Is not this beauty visible to all whose senses are unimpaired? Why then does it not speak the same things unto all? Animals, the very small and the great, see it, but they are unable to question it, because their senses are not endowed with reason to enable them to judge on what they report. But men can question it, so that the invisible things of Him . . . are clearly seen, being understood by the things that are made; Romans 1:20 but by loving them, they are brought into subjection to them; and subjects are not able to judge. Neither do the creatures reply to such as question them, unless they can judge; nor will they alter their voice (that is, their beauty), if so be one man only sees, another both sees and questions, so as to appear one way to this man, and another to that; but appearing the same way to both, it is mute to this, it speaks to that— yea, verily, it speaks unto all but they only understand it who compare that voice received from without with the truth within. For the truth declares unto me, Neither heaven, nor earth, nor any body is your God. This, their nature declares unto him that beholds them. They are a mass; a mass is less in part than in the whole. Now, O my soul, you are my better part, unto you I speak; for you animate the mass of your body, giving it life, which no body furnishes to a body but your God is even unto you the Life of life.

What then is it that I love when I love my God? Who is He that is above the head of my soul? By my soul itself will I mount up unto Him. I will soar beyond that power of mine whereby I cling to the body, and fill the whole structure of it with life. Not by that power do I find my God; for then the horse and the mule, which have no understanding, might find Him, since it is the same power by which their bodies also live. But there is another power, not that only by which I quicken, but that also by which I endow with sense my flesh, which the Lord has made for me; bidding the eye not to hear, and the ear not to see; but that, for me to see by, and this, for me to hear by; and to each of the other senses its own proper seat and office, which being different, I, the single mind, do through them govern. I will soar also beyond this power of mine; for this the horse and mule possess, for they too discern through the body.

And I’ll add this paragraph from Chapter 17 (Para. 26), which strongly reminds me of Cardinal Newman’s project in the Apologia Pro Vita Sua:

Great is the power of memory; very wonderful is it, O my God, a profound and infinite manifoldness; and this thing is the mind, and this I myself am. What then am I, O my God? Of what nature am I? A life various and manifold, and exceeding vast. Behold, in the numberless fields, and caves, and caverns of my memory, full without number of numberless kinds of things, either through images, as all bodies are; or by the presence of the things themselves, as are the arts; or by some notion or observation, as the affections of the mind are, which, even though the mind does not suffer, the memory retains, while whatsoever is in the memory is also in the mind: through all these do I run to and fro, and fly; I penetrate on this side and that, as far as I am able, and nowhere is there an end. So great is the power of memory, so great the power of life in man, whose life is mortal. What then shall I do, O Thou my true life, my God?
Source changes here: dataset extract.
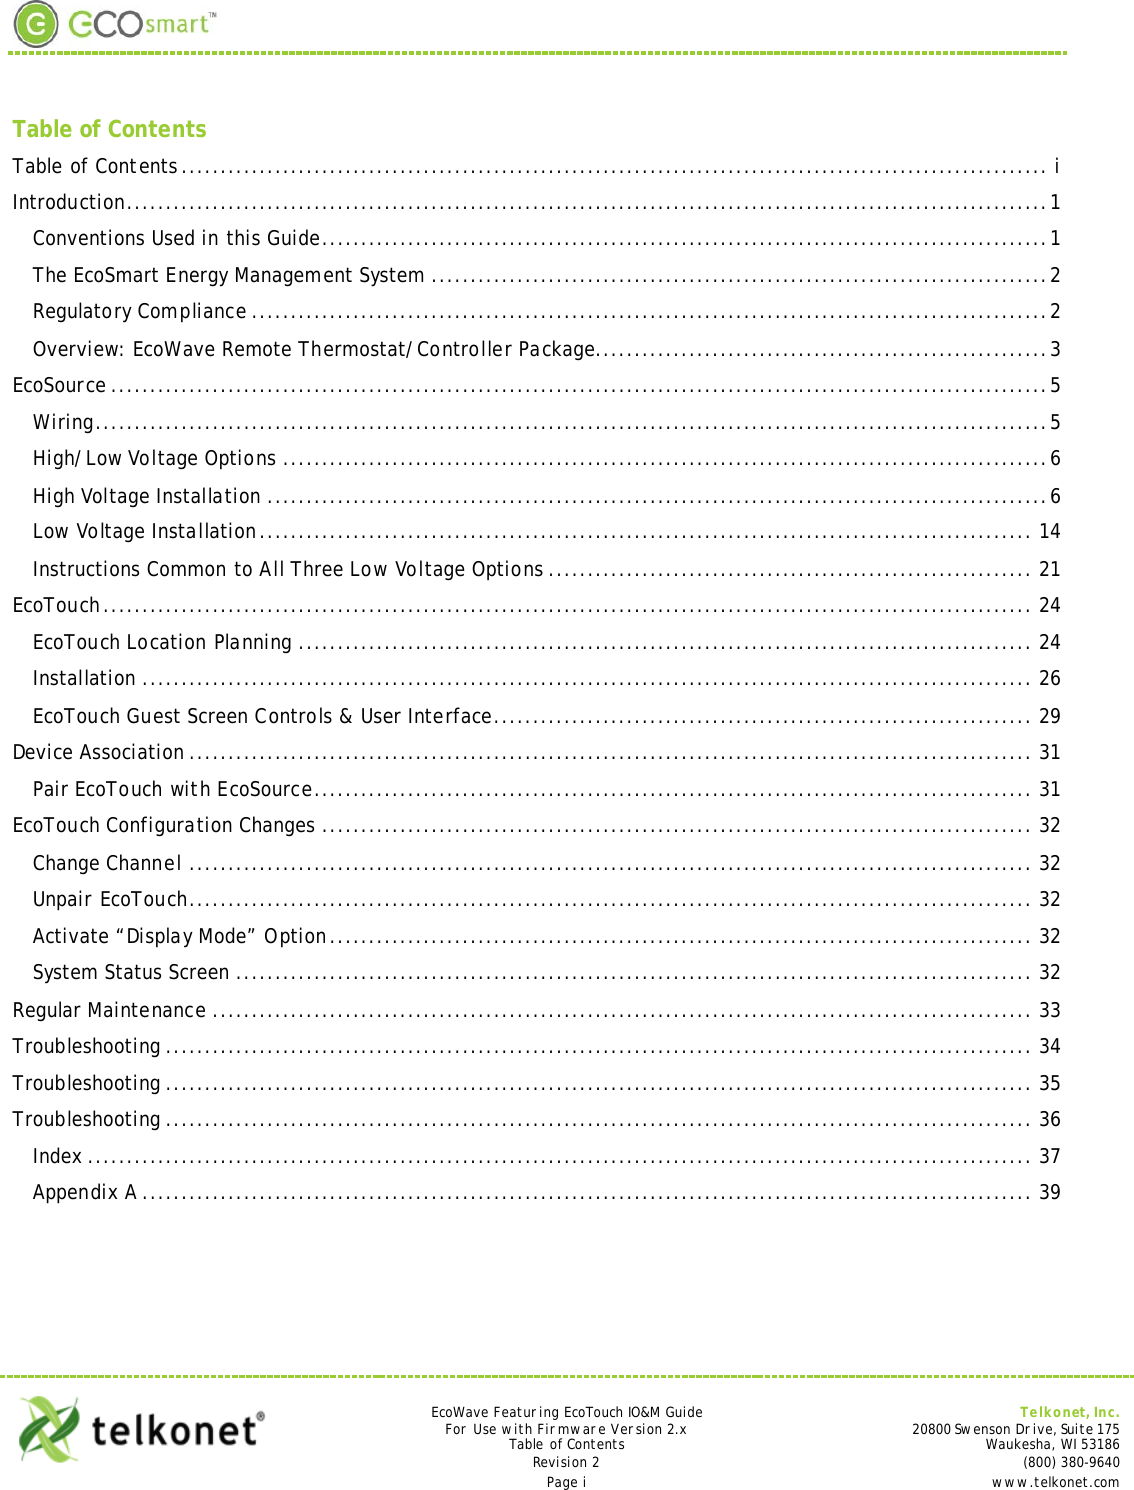   Table of Contents Table of Contents ............................................................................................................... i Introduction...................................................................................................................... 1 Conventions Used in this Guide............................................................................................. 1 The EcoSmart Energy Management System ............................................................................... 2 Regulatory Compliance ...................................................................................................... 2 Overview: EcoWave Remote Thermostat/Controller Package.......................................................... 3 EcoSource ........................................................................................................................ 5 Wiring .......................................................................................................................... 5 High/Low Voltage Options .................................................................................................. 6 High Voltage Installation .................................................................................................... 6 Low Voltage Installation ................................................................................................... 14 Instructions Common to All Three Low Voltage Options .............................................................. 21 EcoTouch ....................................................................................................................... 24 EcoTouch Location Planning .............................................................................................. 24 Installation .................................................................................................................. 26 EcoTouch Guest Screen Controls &amp; User Interface..................................................................... 29 Device Association ............................................................................................................ 31 Pair EcoTouch with EcoSource............................................................................................ 31 EcoTouch Configuration Changes ........................................................................................... 32 Change Channel ............................................................................................................ 32 Unpair EcoTouch............................................................................................................ 32 Activate “Display Mode” Option .......................................................................................... 32 System Status Screen ...................................................................................................... 32 Regular Maintenance ......................................................................................................... 33 Troubleshooting ............................................................................................................... 34 Troubleshooting ............................................................................................................... 35 Troubleshooting ............................................................................................................... 36 Index ......................................................................................................................... 37 Appendix A .................................................................................................................. 39      EcoWave Featuring EcoTouch IO&amp;M Guide Telkonet, Inc. For Use with Firmware Version 2.x 20800 Swenson Drive, Suite 175 Table of Contents Waukesha, WI 53186 Revision 2      (800) 380-9640 Page i  www.telkonet.com

I will pass even beyond this power of mine which is called memory— I will pass beyond it, that I may proceed to You, O Thou sweet Light. What sayest Thou to me? Behold, I am soaring by my mind towards You who remainest above me. I will also pass beyond this power of mine which is called memory, wishful to reach You whence You can be reached, and to cleave unto You whence it is possible to cleave unto You. For even beasts and birds possess memory, else could they never find their lairs and nests again, nor many other things to which they are used; neither indeed could they become used to anything, but by their memory. I will pass, then, beyond memory also, that I may reach Him who has separated me from the four-footed beasts and the fowls of the air, making me wiser than they. I will pass beyond memory also, but where shall I find You, O Thou truly good and assured sweetness? But where shall I find You? If I find You without memory, then am I unmindful of You. And how now shall I find You, if I do not remember You?

 

Poem/Song: “On the Strange and Lamentable Tale of the Witches of Saluda”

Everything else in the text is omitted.